## What is required
Only the lines from the one containing "1 x ‘Mount Abu" through the final line below belong in the output, copied exactly and without pictures.

## Dataset extract

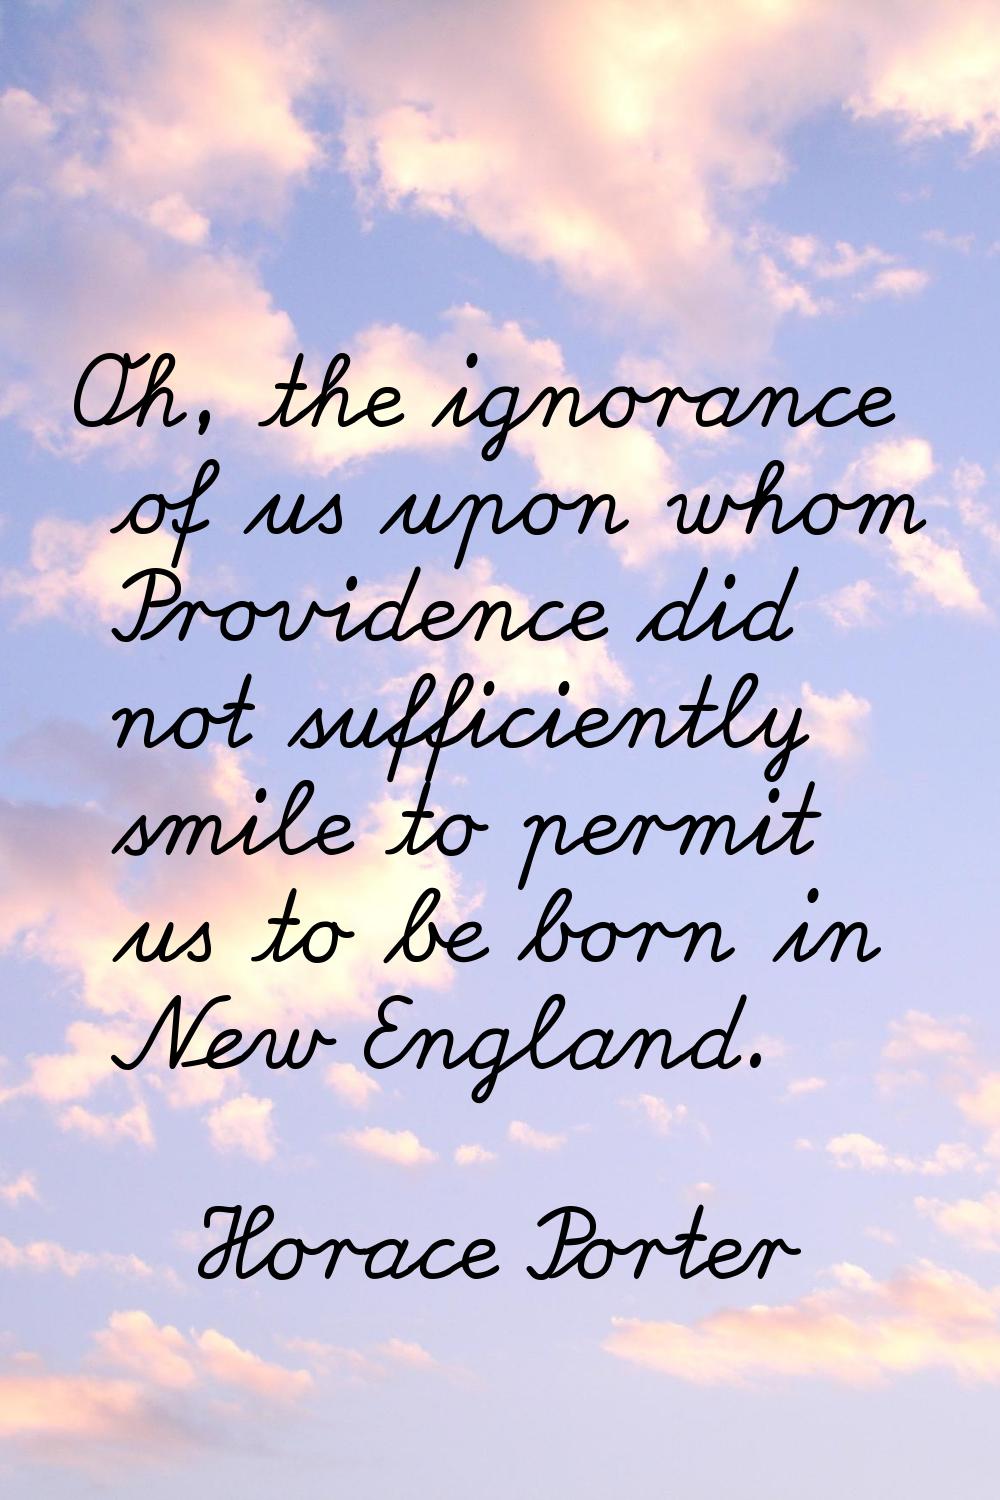 Oh, the ignorance of us upon whom Providence did not sufficiently smile to permit us to be born in 
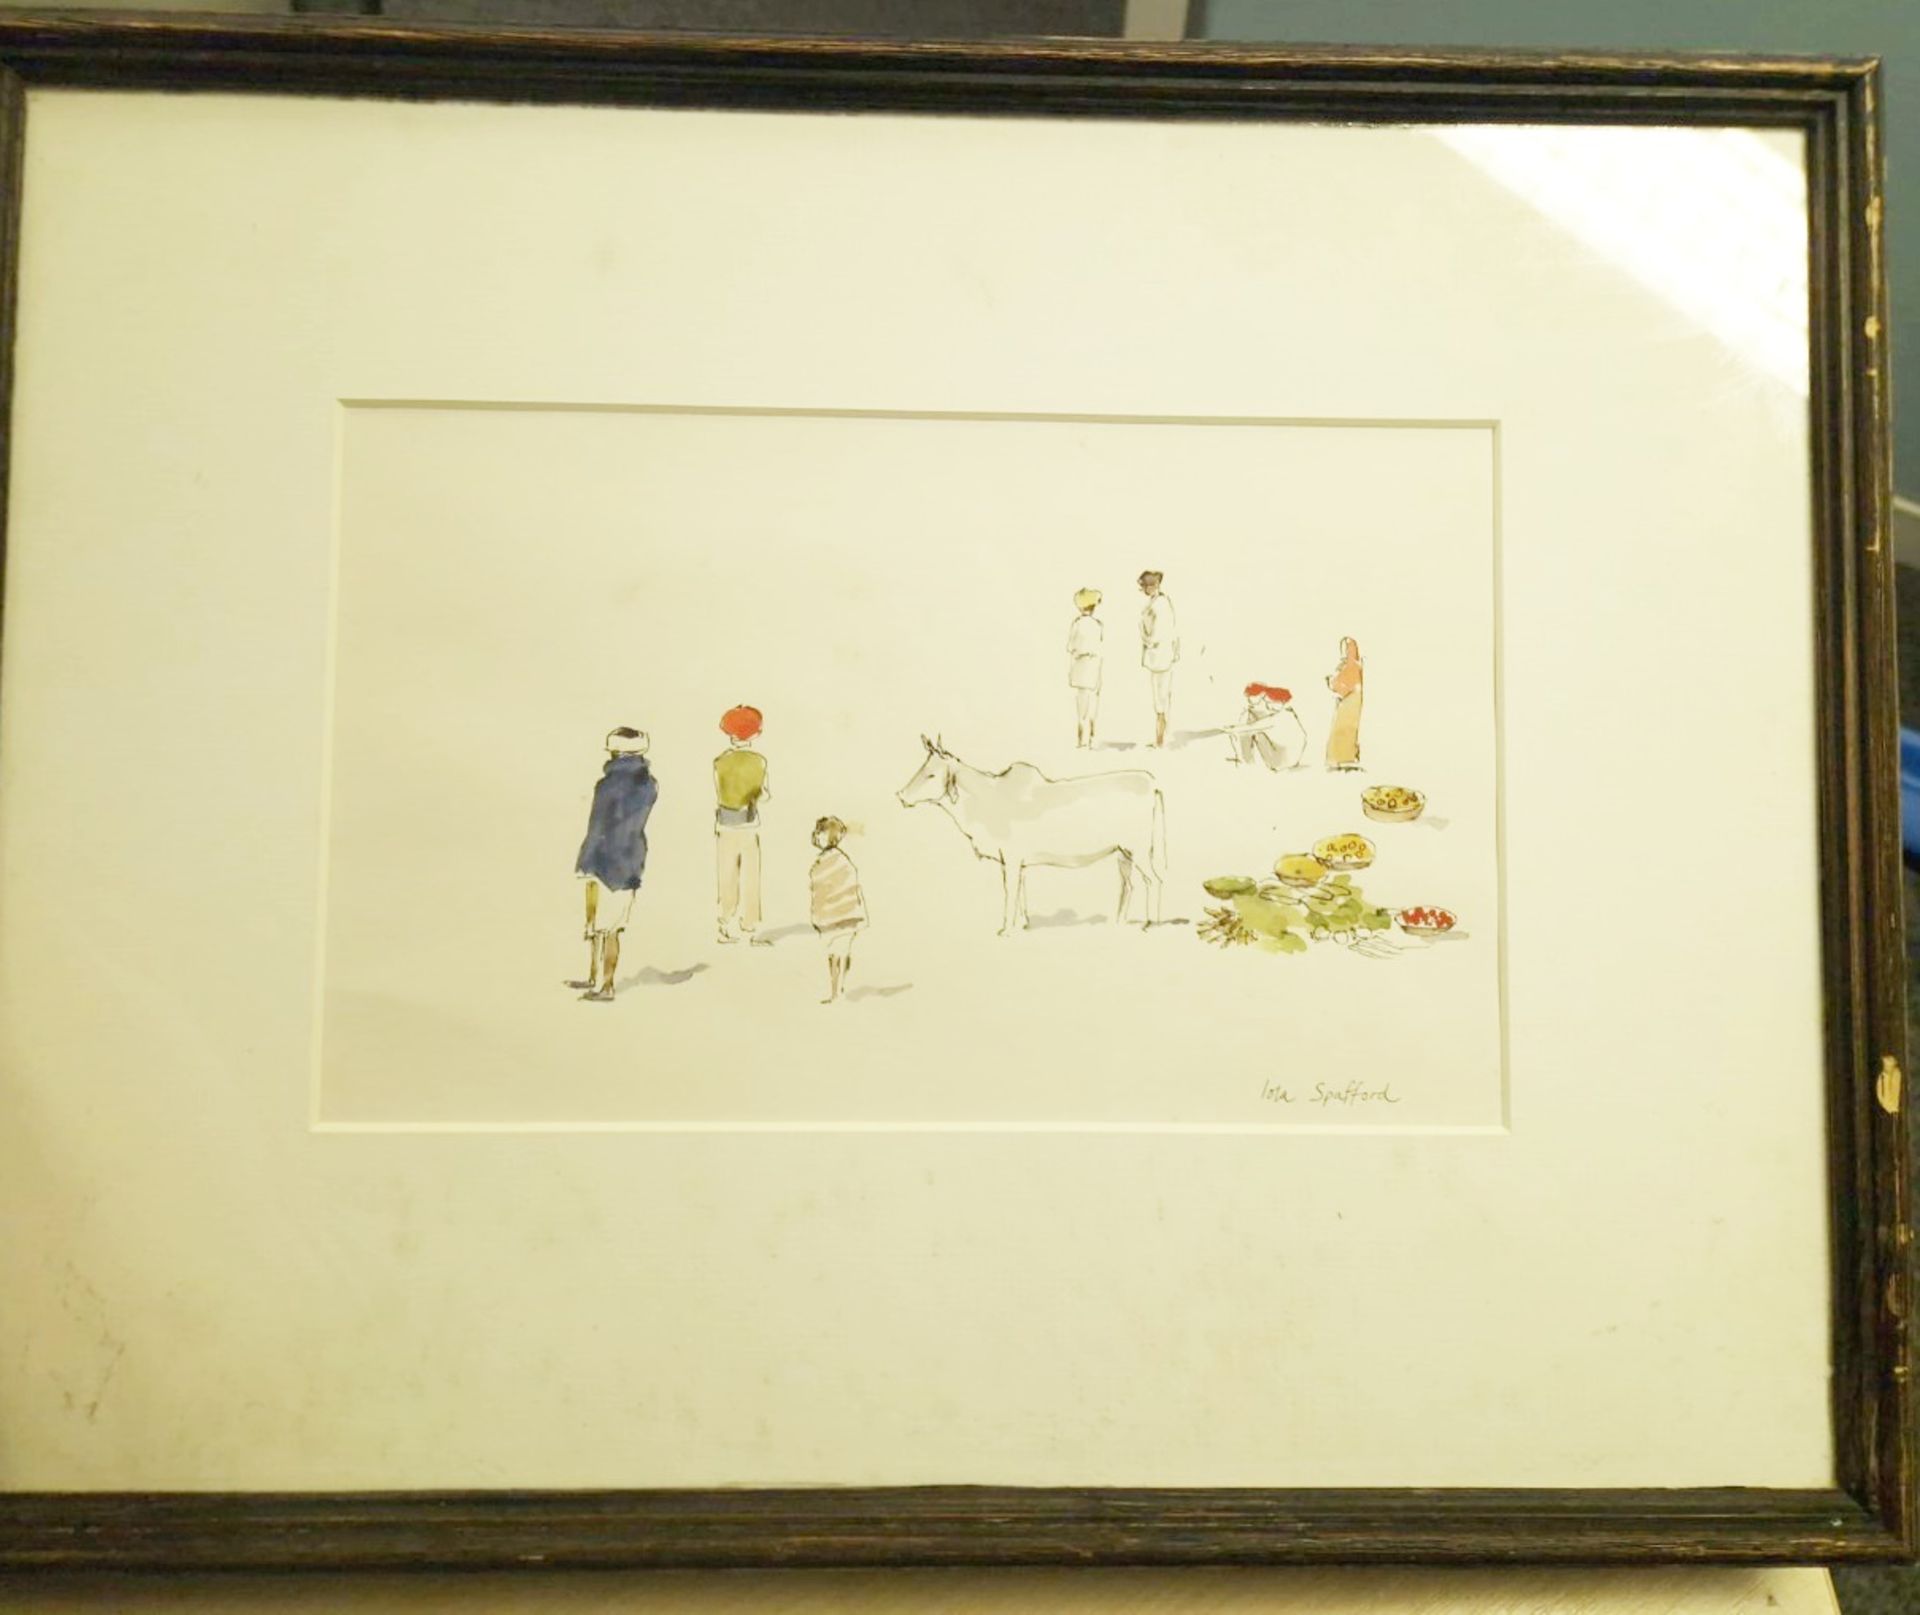 1 x ‘Mount Abu Market’ Watercolour By Iola Spafford Mounted And Framed In A Dark Wood Frame
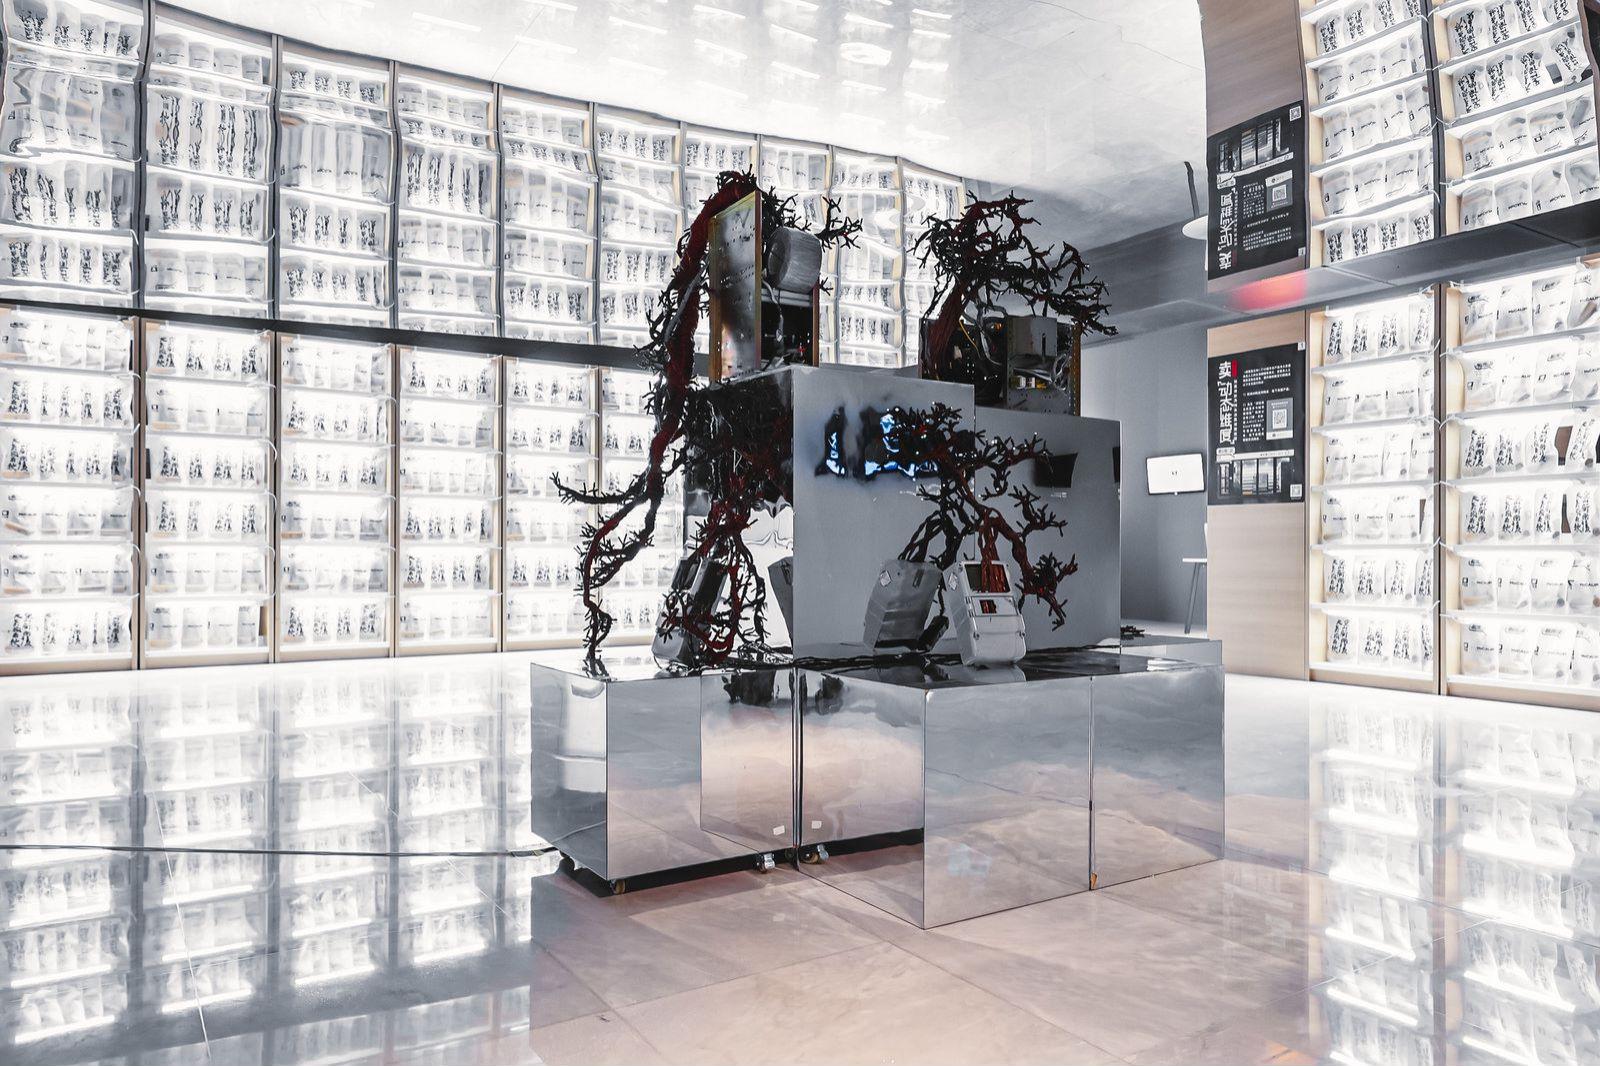 The Shenzhen stop of the "2022 Hong Kong-Macao Visual Art Biennale" is taking place at the Museum of Contemporary Art & Planning in Shenzhen. Photo shows part of the exhibition gallery of the Mainland section.

## Solution below
 1 x ‘Mount Abu Market’ Watercolour By Iola Spafford Mounted And Framed In A Dark Wood Frame
 The Shenzhen stop of the "2022 Hong Kong-Macao Visual Art Biennale" is taking place at the Museum of Contemporary Art & Planning in Shenzhen. Photo shows part of the exhibition gallery of the Mainland section.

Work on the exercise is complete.